Problem description —
Strip out all images, then restate the data verbatim.

Data shown —

-- -- --

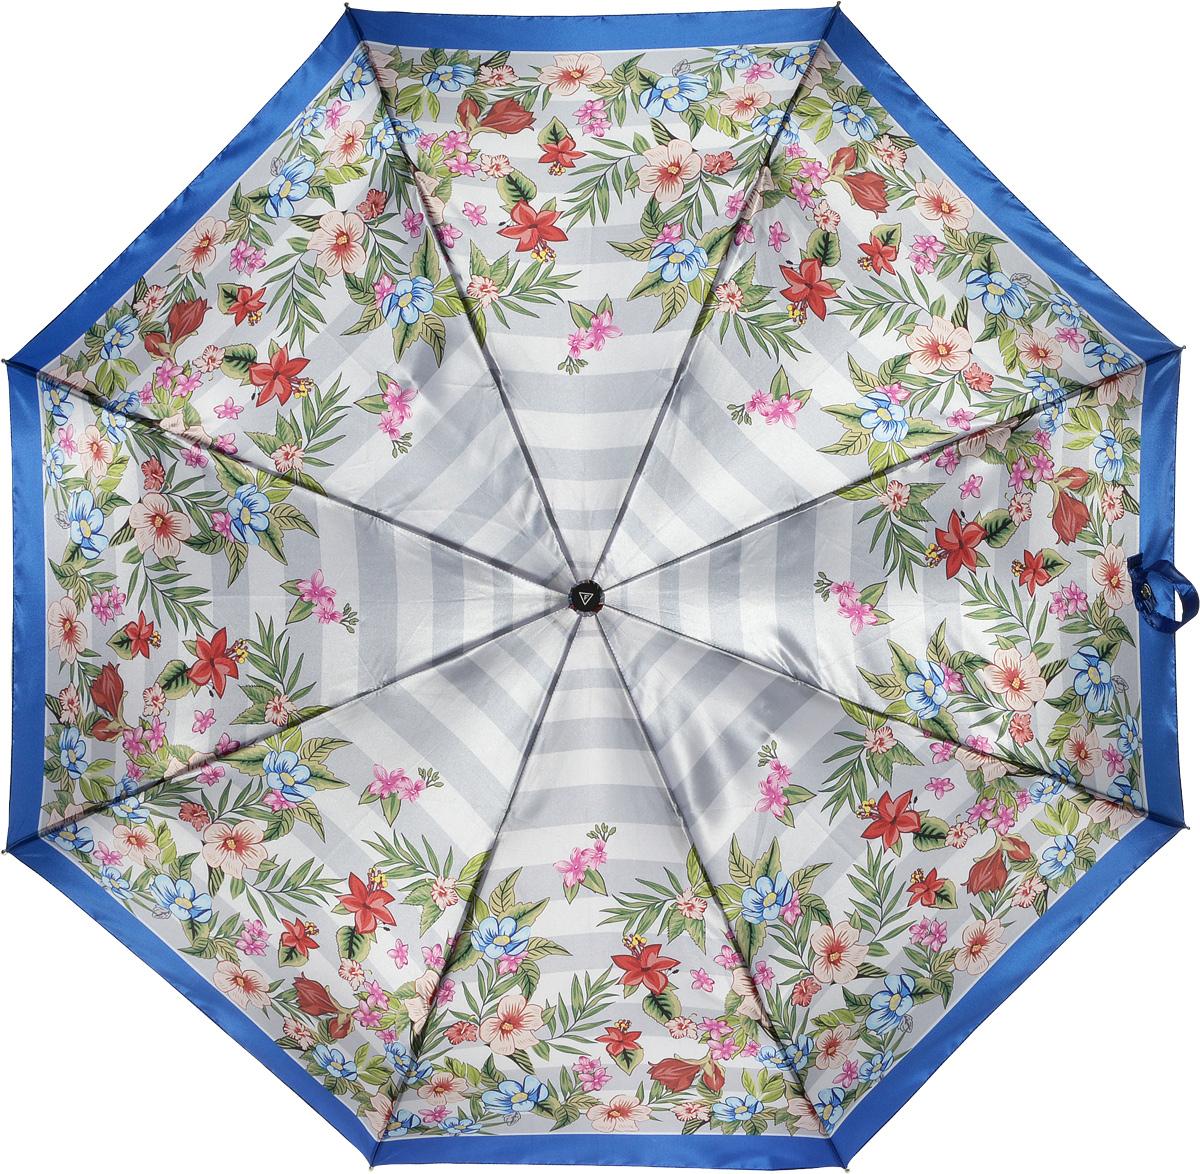 Зонт женский Fabretti, автомат, 3 сложения, цвет: мультиколор. L-16105-9L-16105-9Зонт женский Fabretti, облегченный суперавтомат, 3 сложения
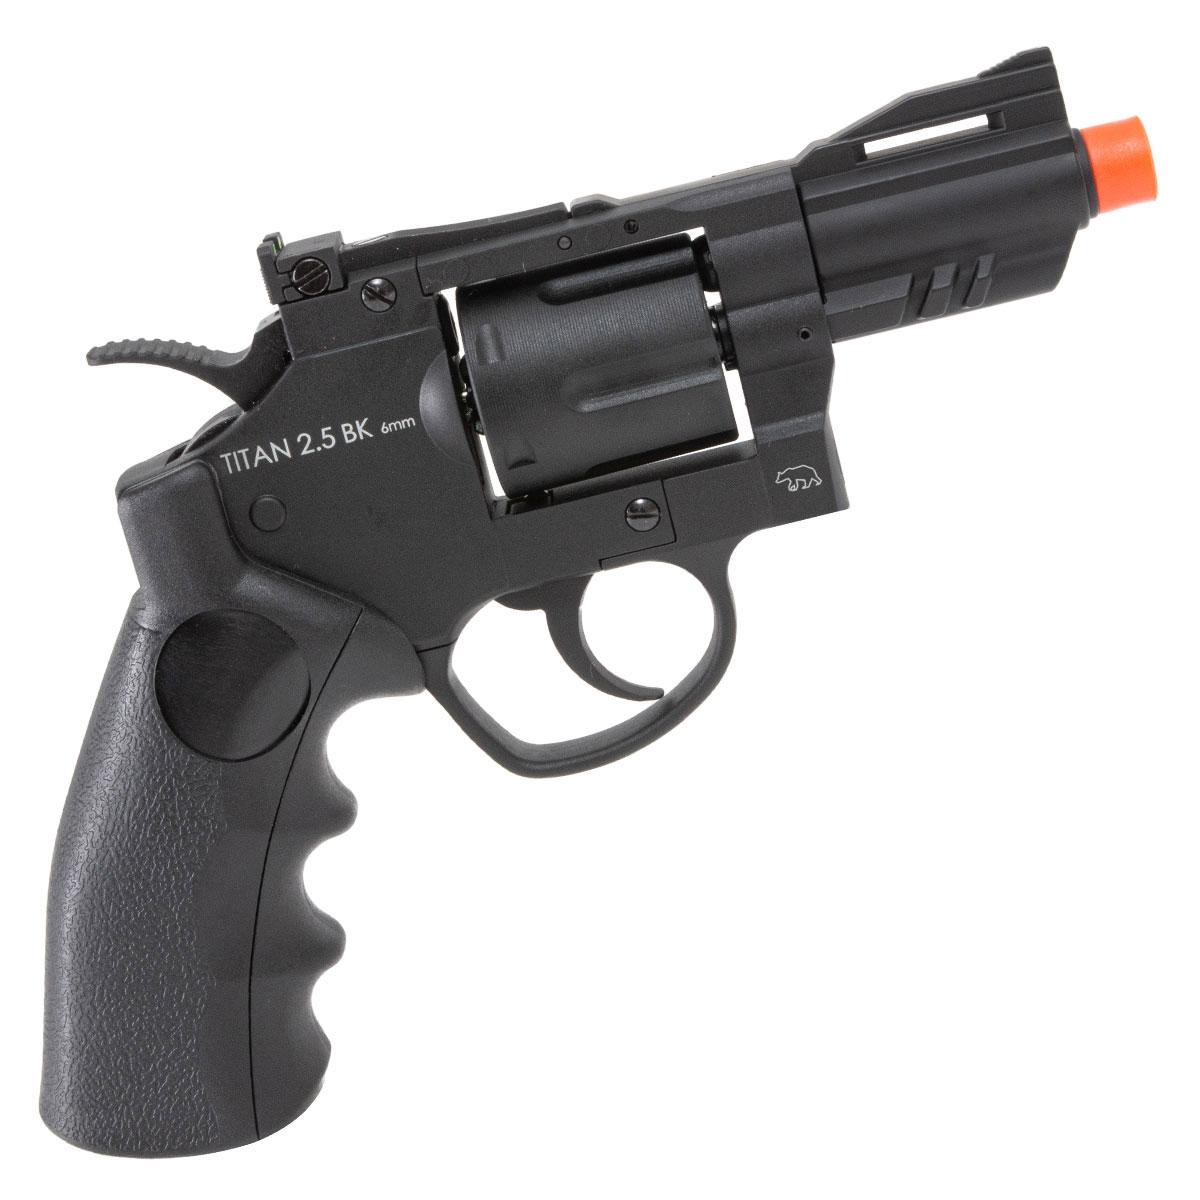 Revolver de Airsoft Titan 2.5 BK QGK a Gás Co2
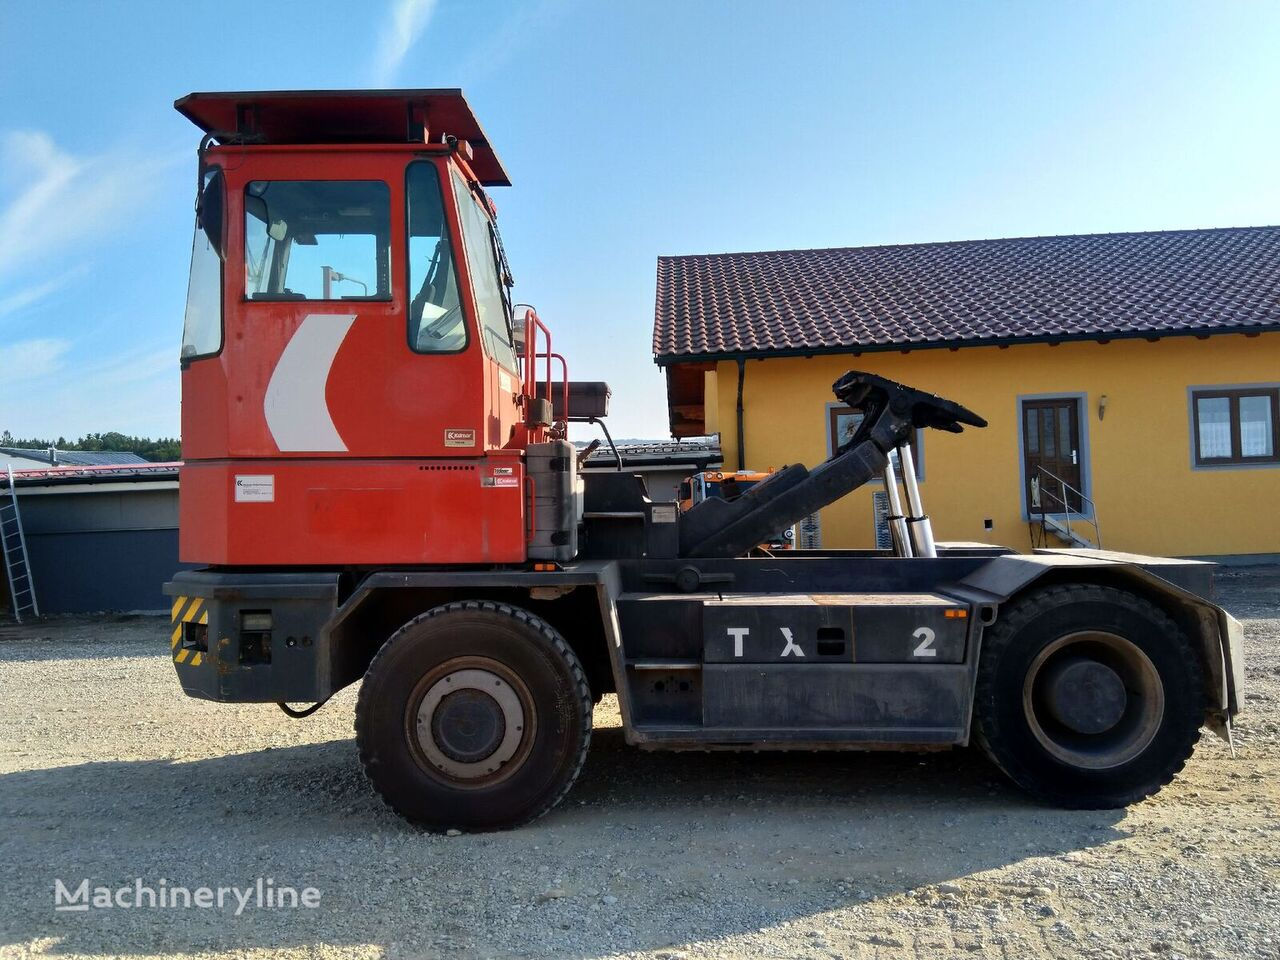 KALMAR TRX 252 tractor de terminal

-- -- --

Response area —
 Зонт женский Fabretti, автомат, 3 сложения, цвет: мультиколор. L-16105-9L-16105-9Зонт женский Fabretti, облегченный суперавтомат, 3 сложения
 Revolver de Airsoft Titan 2.5 BK QGK a Gás Co2
 KALMAR TRX 252 tractor de terminal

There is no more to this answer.